PROBLEM TO WORK ON =>
Output, exactly and in full, only the lines from the one containing "20th c. Japanese" to the last line of the data. Pictures should not appear.

PROVIDED MATERIAL =>
————
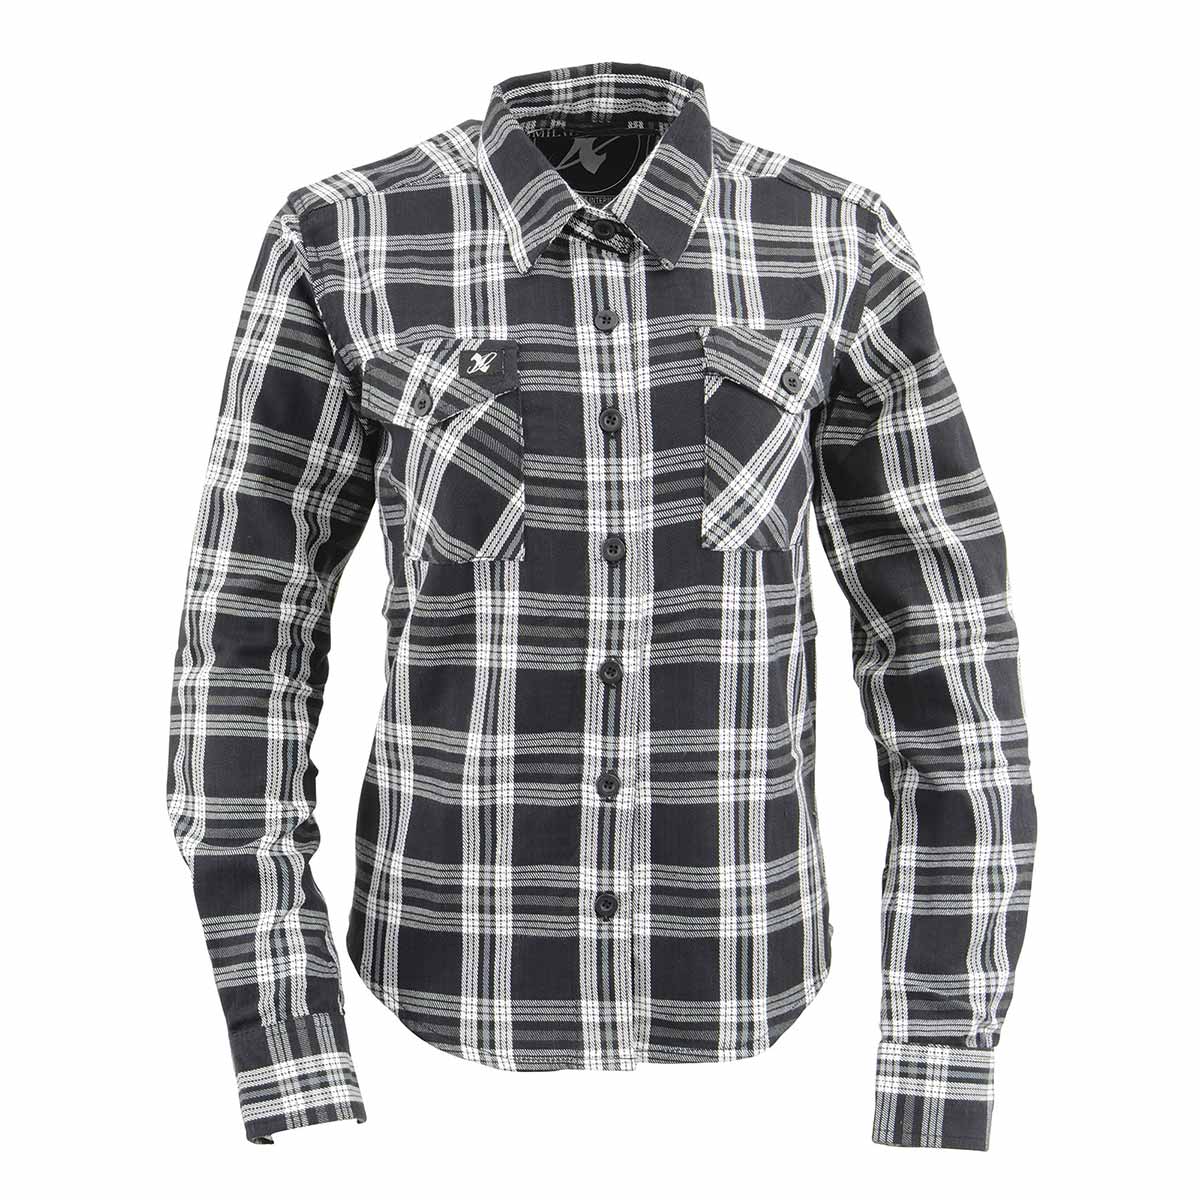 NexGen MNG21600 Women's Casual Black and White Long Sleeve Cotton Flannel Shirt
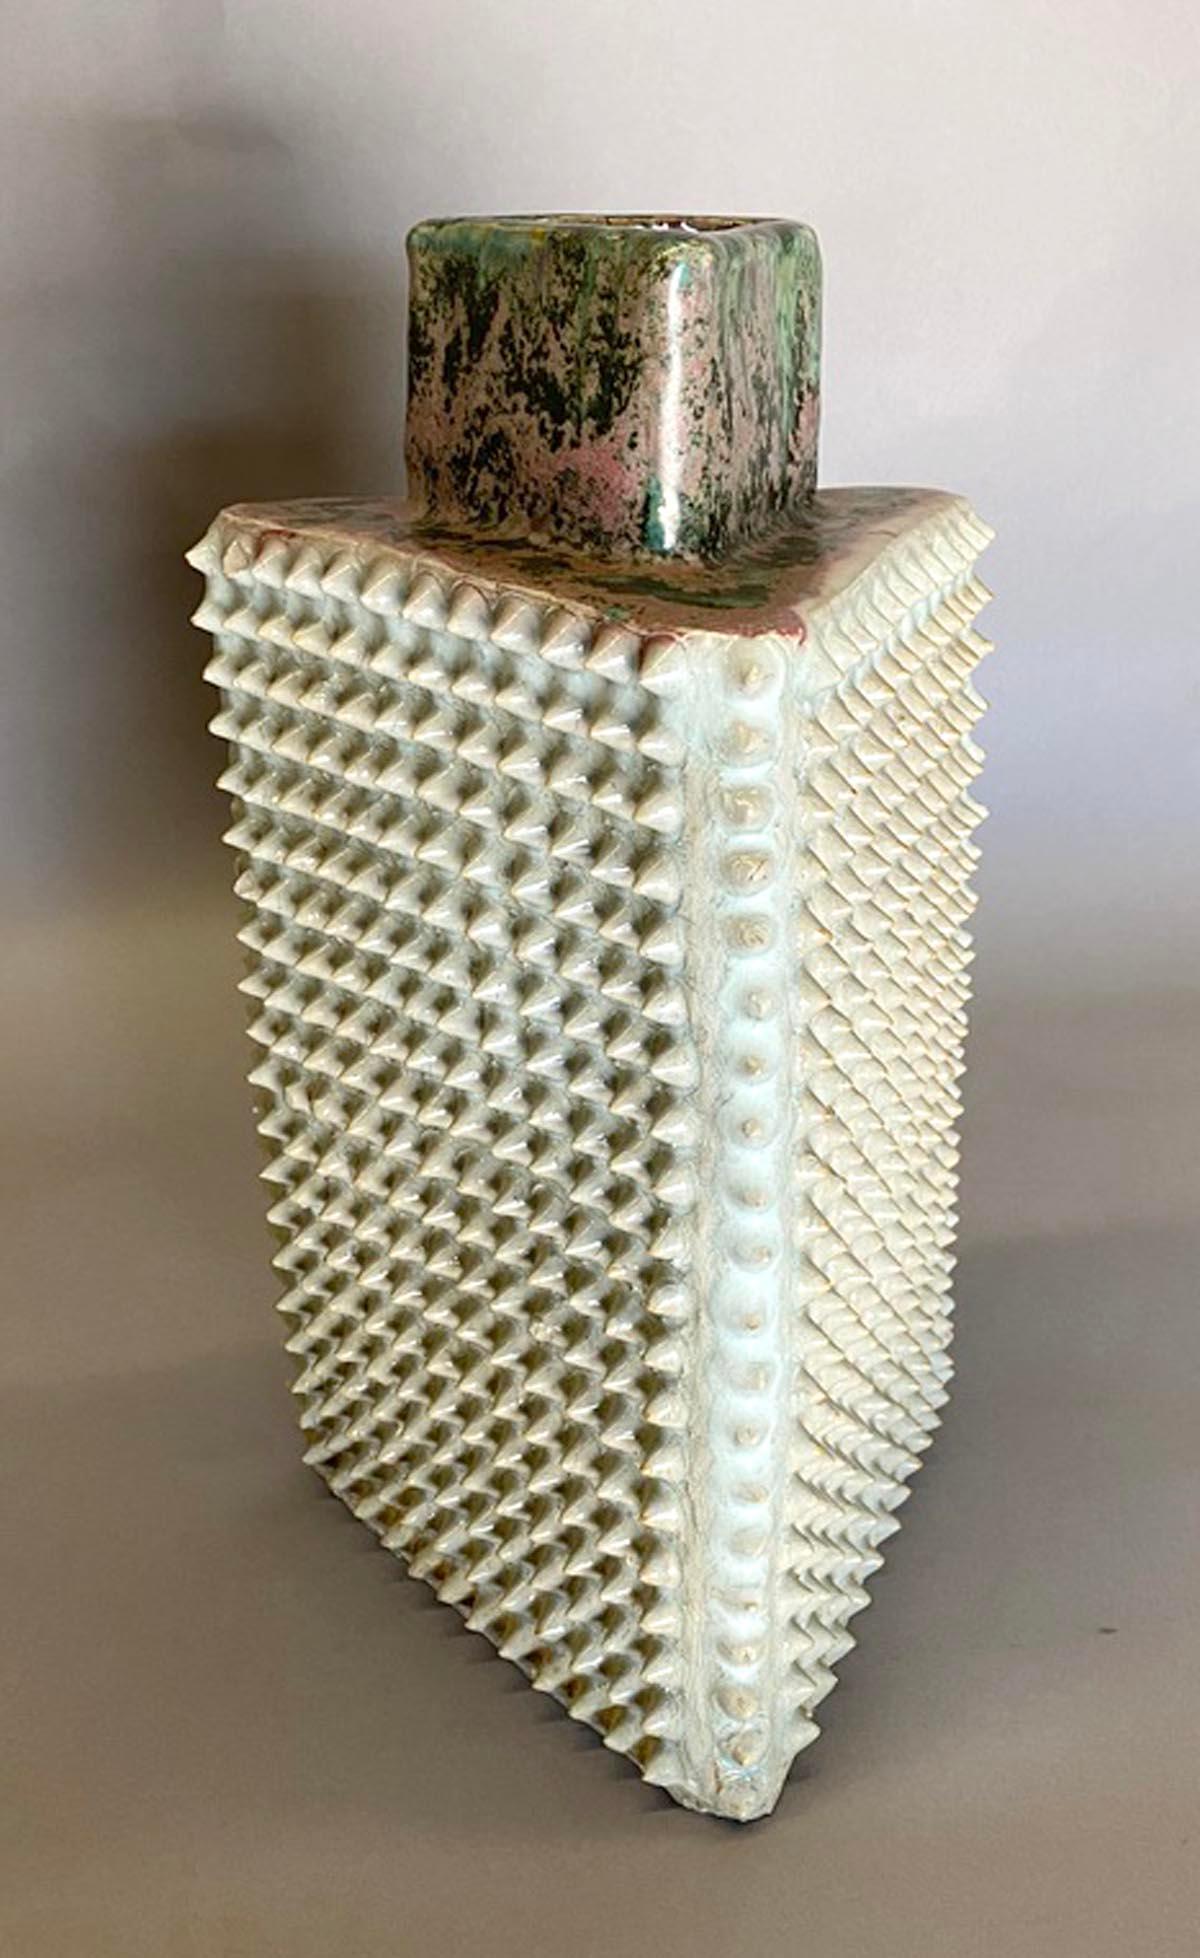 20th c. Japanese ceramic with Valentino style studs! Grey, green and pink glaze. A few tiny chips but otherwise in great condition.
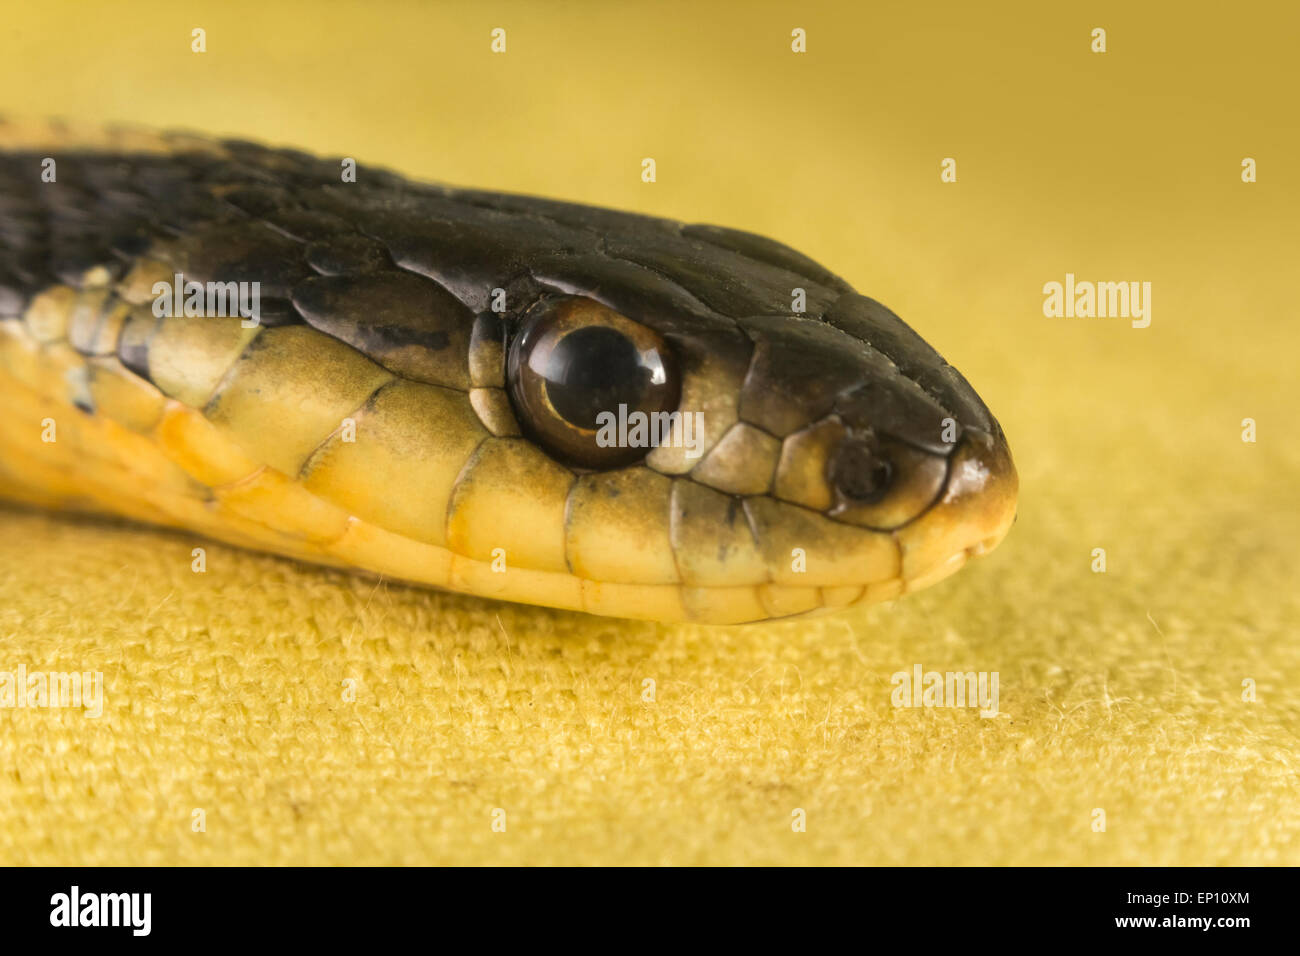 Orientale Slithering garter snake noto anche come Thamnophis sirtalis sirtalis Foto Stock
————
SOLUTION FOR THIS EXERCISE =>
 20th c. Japanese ceramic with Valentino style studs! Grey, green and pink glaze. A few tiny chips but otherwise in great condition.
 Orientale Slithering garter snake noto anche come Thamnophis sirtalis sirtalis Foto Stock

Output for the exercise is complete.